At 1:54 pm, the pilot landed the plane in a spiral motion-– rather reminiscent of the time I did my pilot’s biennial with a stunt pilot as my check pilot. In this case however, the reason for landing in such an unusual way was to avoid flying over areas where the troublemakers like to shoot at low flying planes. Touchdown was rather sudden and abrupt.

Even leaving the plane is an experience. First the luggage pallet is removed – we probably could not get off the plane otherwise – then a hippy-looking chap yelled “skull caps off” and “follow me." We stumbled off the plane, in two remarkably straight lines, for some distance behind the plane. The reason was immediately obvious. The engines were still running, the noise was deafening and the wind the engines generated was incredible.
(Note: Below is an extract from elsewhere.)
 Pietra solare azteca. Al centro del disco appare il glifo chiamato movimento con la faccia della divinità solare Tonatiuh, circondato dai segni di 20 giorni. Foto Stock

We next pushed off to a tent/building where our arrival was registered.

I was instructed to call upon arrival at BIAP but told not to give any flight times, etc. over the phone (seemed strange as the flight was over) but I followed the instructions. I had to borrow a phone as my Jordanian phone did not work despite receiving a SMS message welcoming me to Iraq from Fastlink Jordan.

It is not obvious where the luggage is placed upon arrival, and given the impression I had that the bags continued to the Green Zone with the passengers, I did not go fetch my bag-- a bit of a mistake-- but that’s another story.

For most folks who arrive on a C-130, getting to the Green Zone from BIAP is via steel-plated buses called Rhinos. The color, size and hulking shape of these beasts suggest that they are well-named. Unfortunately the Rhinos do not run until the wee hours of the morning (to avoid being shot at during the daytime, when folks can be along the road without appearing suspicious). So for those of us who arrived via C-130, it’s a 6 to 10 hour additional wait.

Having time to kill, I went exploring. I found a Dining Facility (in Green Zone-speak, a DFAC) but they would not let me enter with my laptop (security has its own peculiar logic) and there was no place to store it safely. I found a PX (Post eXchange) and cluster of trailers housing a Burger King, a Subway sandwich shop, a Green Beans (a Starbucks-like coffee shop found on military bases), a jewelry shop, a barber shop, a beauty salon and a gift shop. All seemed in the middle of nowhere, surrounded by churned up and hardened mud with large river stones in place of paving. The whole business was surrounded by concrete T-walls (blast protection).

Later I took a bus to Camp Striker (where the Rhinos pick up their passengers). The bus was accompanied by a van onto which they place any luggage that passengers are carrying (again, all in the name of security). At Striker, the waiting area is housed in a large temporary building with coffee, tea, television, and wireless internet (for a fee), etc. For those who can tolerate endless propaganda there are some couches and chairs around a couple of televisions with identical smatterings of Fox News and military pep talk pieces. There are also a few books and magazines to read.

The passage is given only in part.